Time is running out. The worst phase of the monsoons may now be over but storage facilities have always been inadequate in the north and north-east and supplies are running dangerously low. Nearly 230 Japanese trucks given by the United Nations have been lying idle with their distinctive markings in a Calcutta street for the past 20 days because of the condition of the roads. It has become impossible amid such widespread misery to tell the newcomer from the native peasant. Draped in the same grimy rags, both are equally homeless. Where the raised tarmac of a road still winds its way through the flood waters they have camped on it, huddled in a mass of hungry, rain-sodden humanity along the 40 miles to the town of Bongaon on the Pakistan border.
An Indian Roman Catholic priest, Father Joe d’Souza, says that he can now visit only three out of the 17 refugee camps that he was looking after; the others have either been completely submerged or are inaccessible. The Catholic voluntary organisation, Caritas, has promised Father d’Souza some money and he is trying to buy a fleet of country boats to re-establish contact with his uprooted and dispossessed parish.
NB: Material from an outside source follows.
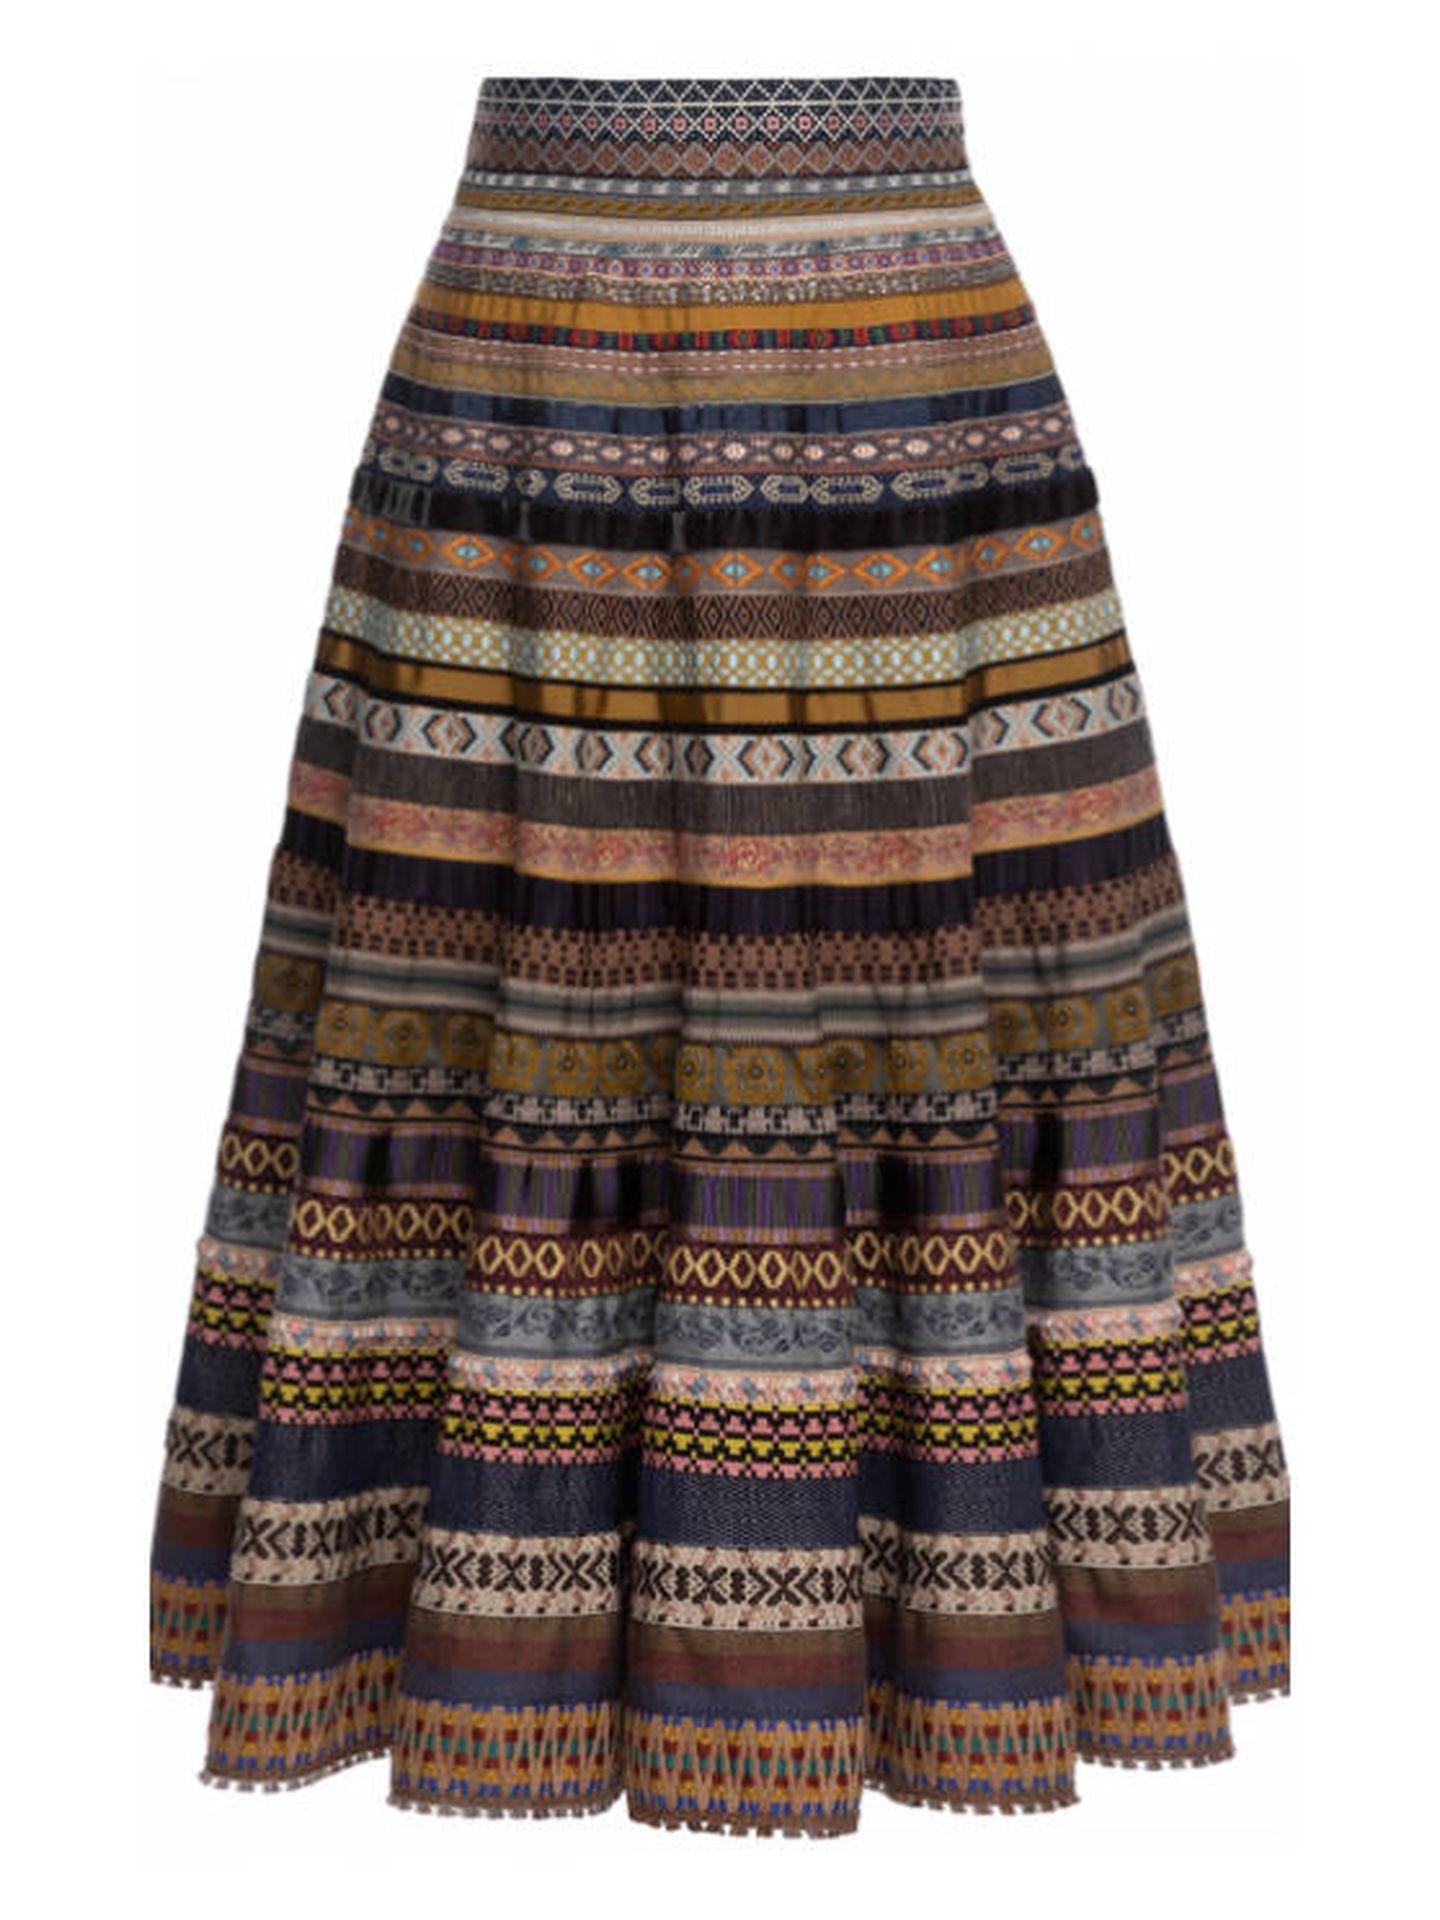 La falda de Lena Hoschek. (Cortesía)

The main relief effort continue in spite of these drawbacks and Colonel P.N. Luthra, the Indian officer in charge of operations, claims that relief has emerged from its earlier haphazard work into a coherent pattern. There is a swift efficiency nowadays about at least the first stages of the process. Refugees are inoculated, vaccinated, cross-examined for possible Pakistani agents, registered and given their dole and other cards within three days of arrival in India. The second step is to get together the inmates of small and scattered camps and consolidate them in large shanty towns, each housing about 100,000 peogle. Jalpaiguri’s 54 original camps have already been reduced to 22 and the target is to regroup all the district’s refugees in only 12 camps. Col. Luthra’s argument for large establishment on high ground: away from main roads is that they will reduce overheads and make medical care and distribution of supplies simpler. The snag is that there will be neither food nor medicines to hand out unless foreign aid is more substantial. Even more uncertain is the projected third phase of the process, which is the evacuation of the big consolidated camps now coming into being for return to East Bengal: by the present look of things Col. Luthra, who is still a comparatively young man, will have retired from the service before the refugees return.